- **Data supplied**
>>>>>

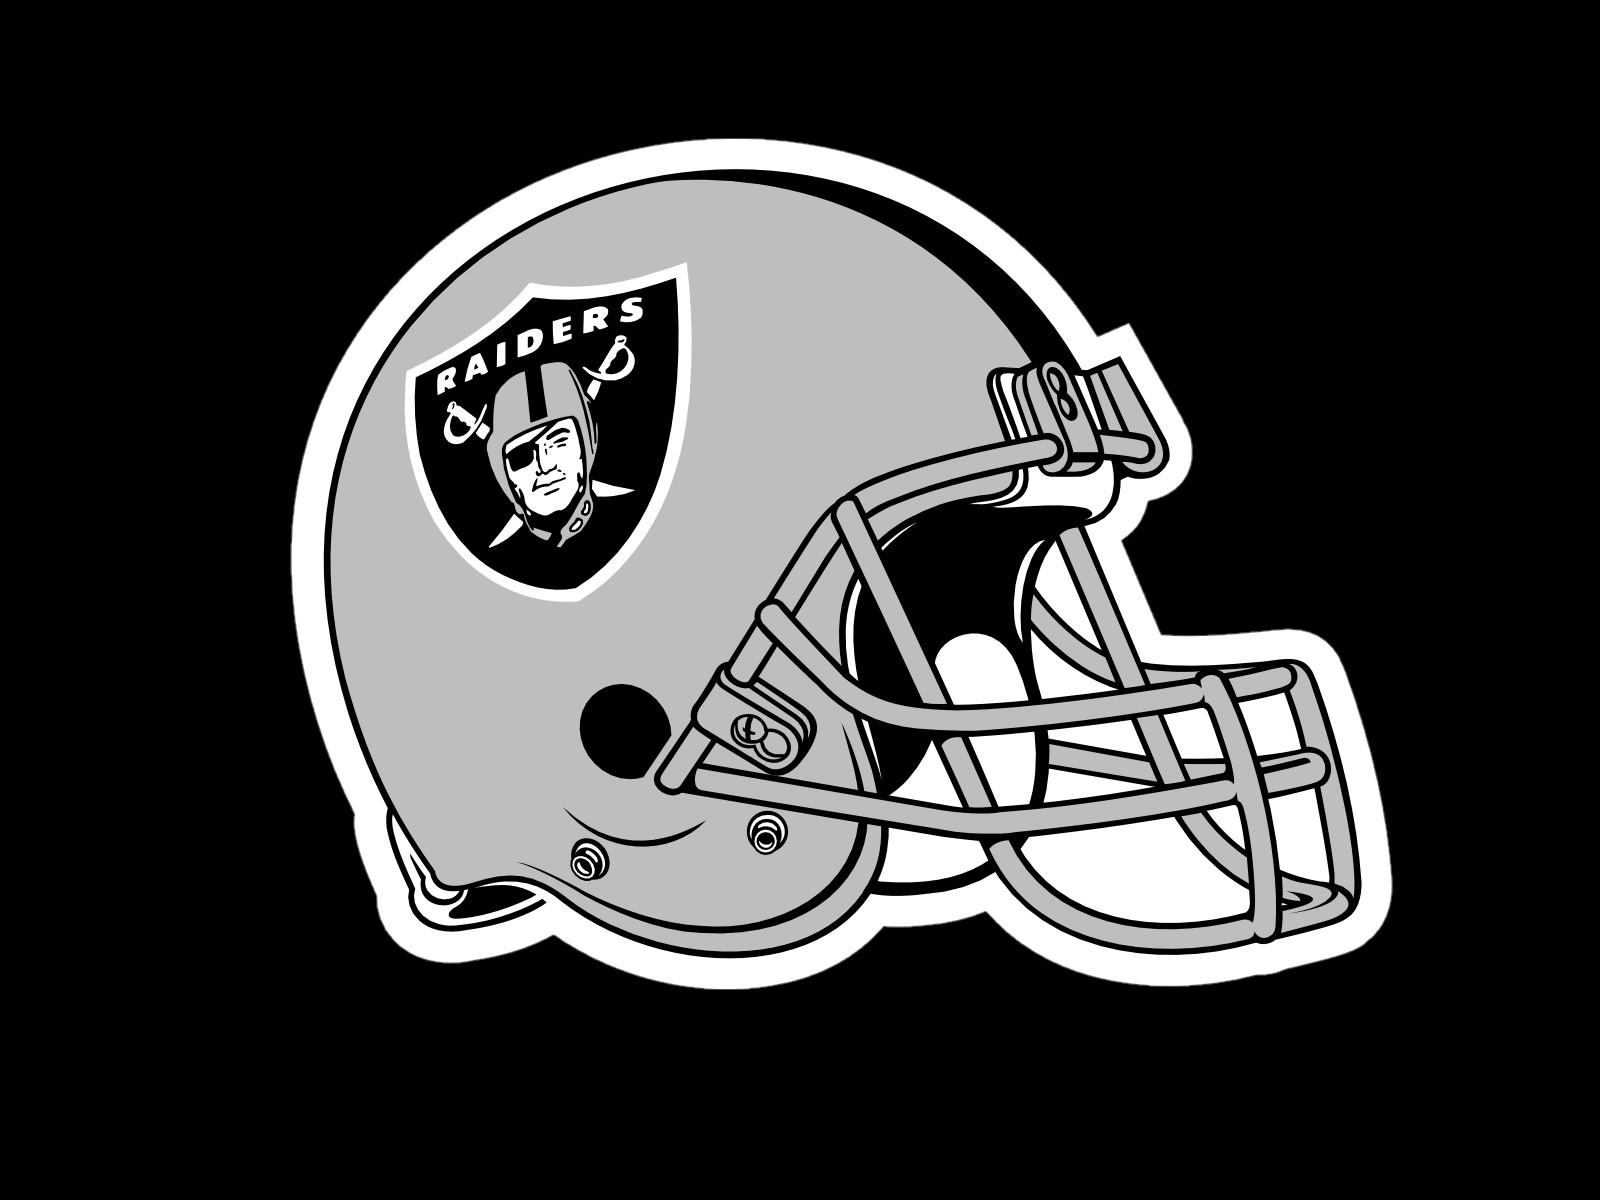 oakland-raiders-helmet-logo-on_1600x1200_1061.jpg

<<<<<
>>>>>

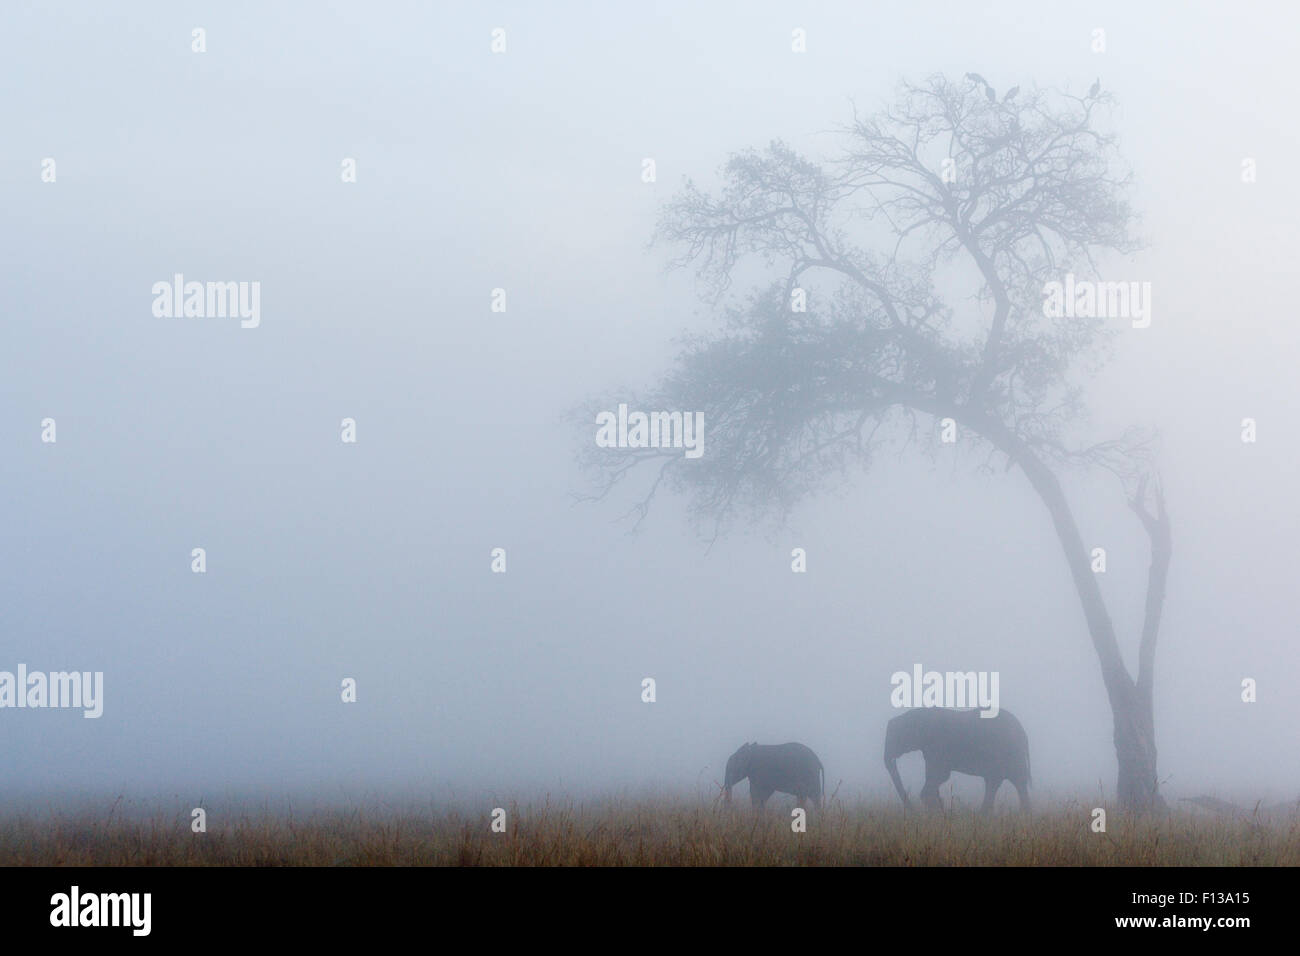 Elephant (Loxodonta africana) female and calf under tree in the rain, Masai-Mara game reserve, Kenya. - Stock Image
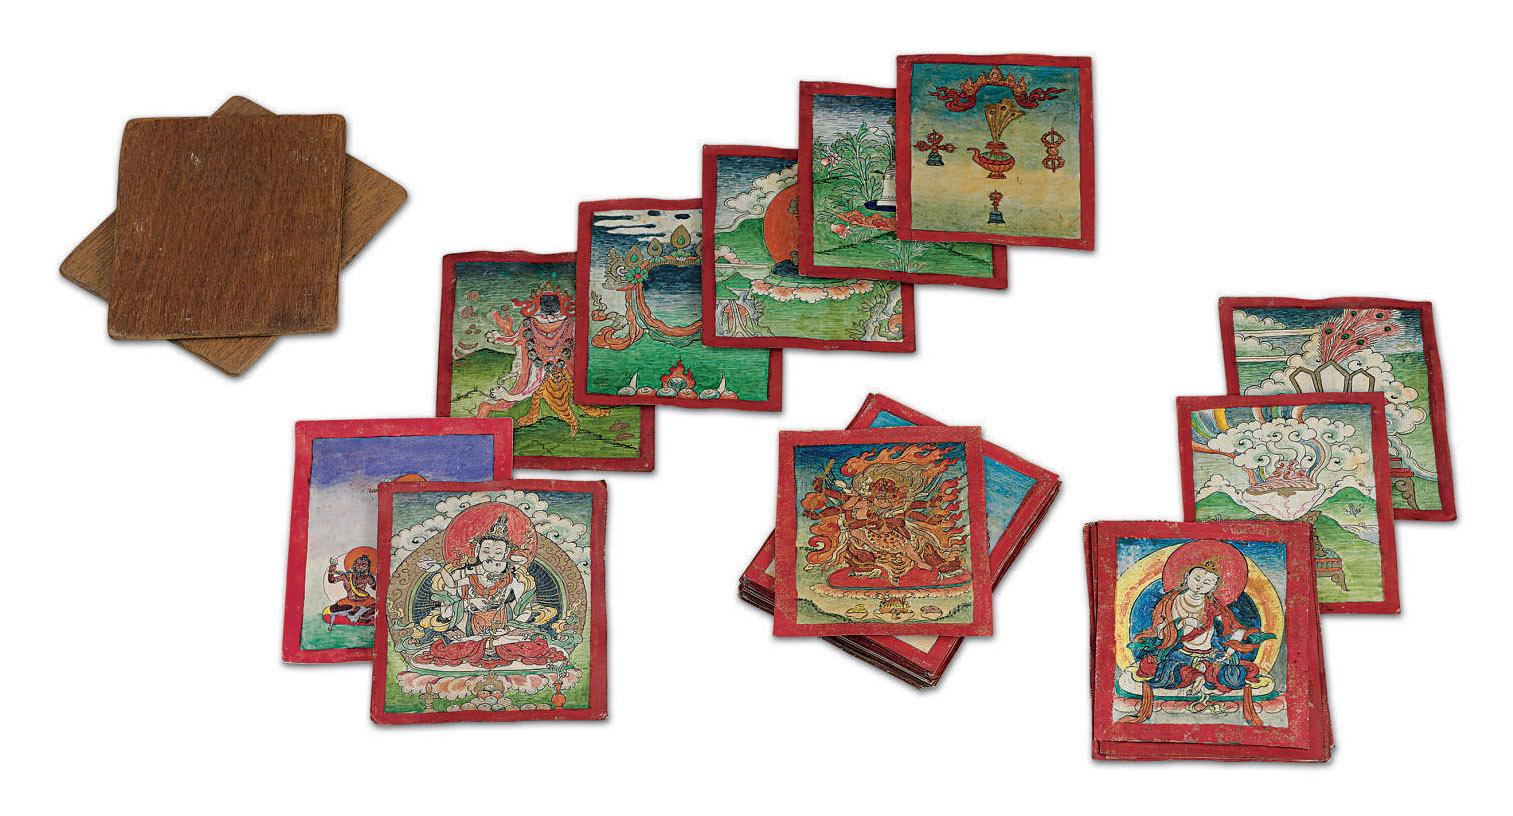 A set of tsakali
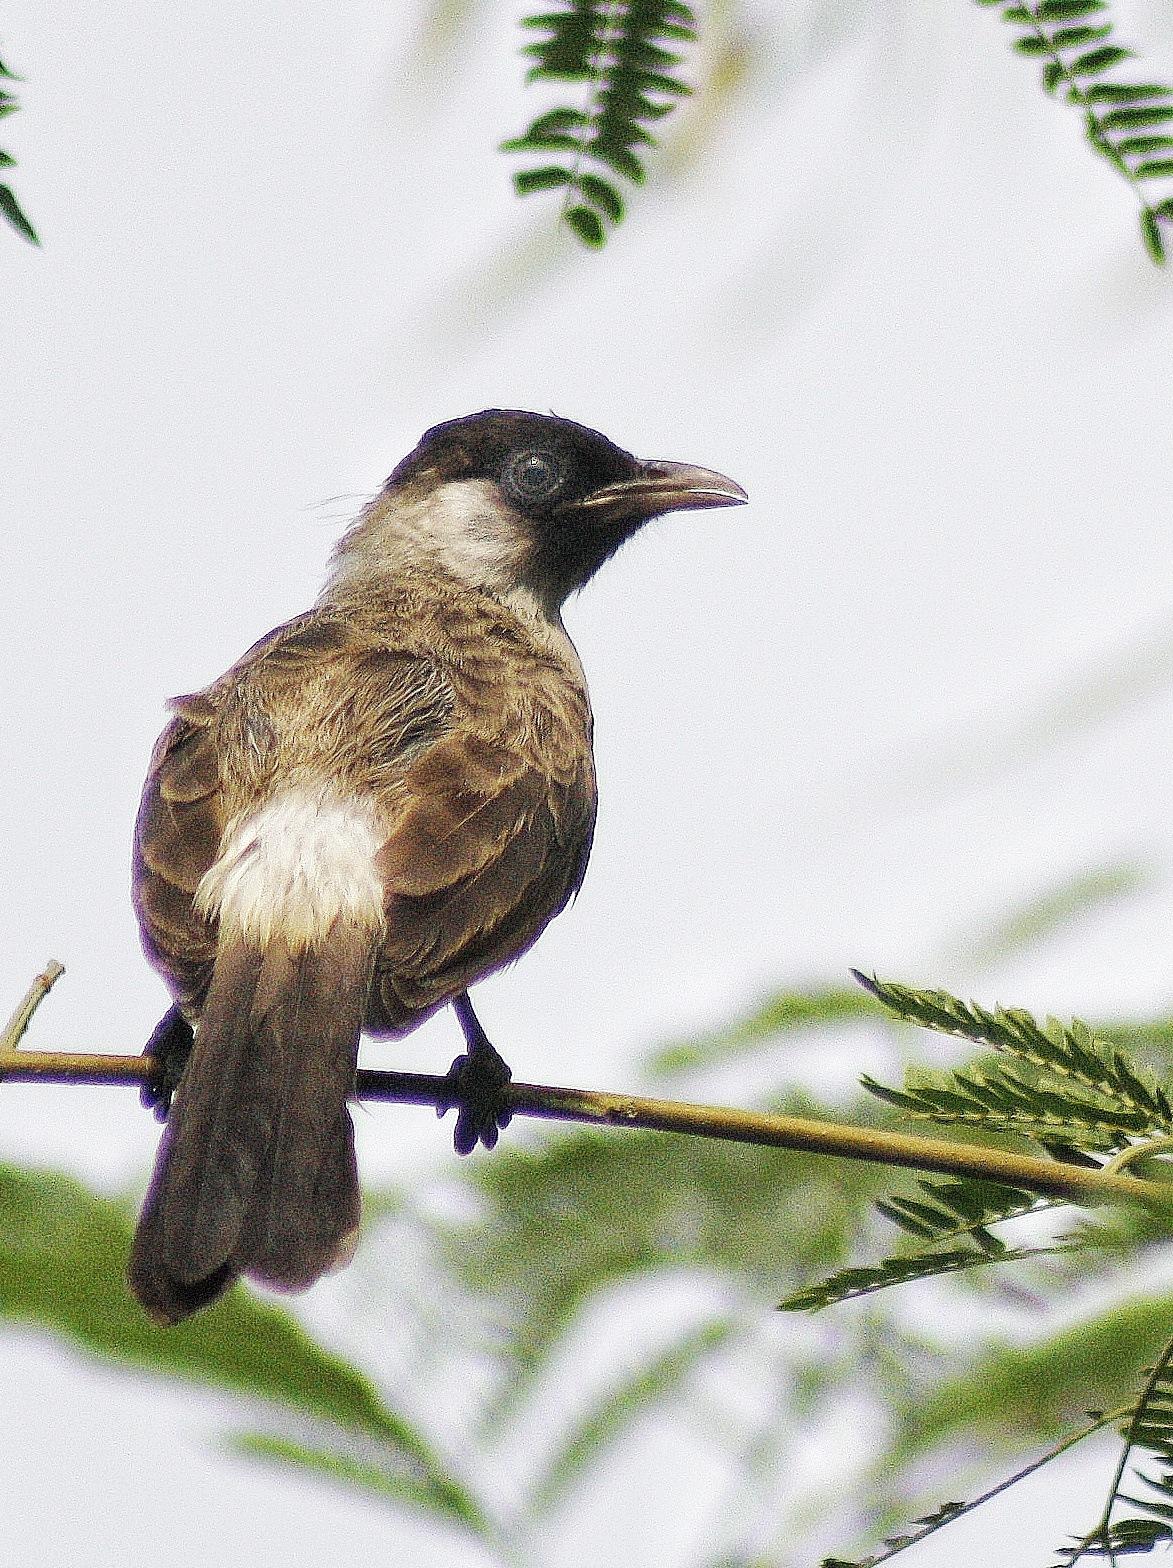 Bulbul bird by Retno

<<<<<
>>>>>

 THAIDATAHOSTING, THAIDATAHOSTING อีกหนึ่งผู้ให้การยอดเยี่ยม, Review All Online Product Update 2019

<<<<<

- **Work instructions**
In the entries above, find the line containing "Elephant (Loxodonta africana)" and the line containing "Bulbul bird by Retno"; give again exactly those two lines and every line between them, minus the pictures.

- **Task answer**
 Elephant (Loxodonta africana) female and calf under tree in the rain, Masai-Mara game reserve, Kenya. - Stock Image
 A set of tsakali
 Bulbul bird by Retno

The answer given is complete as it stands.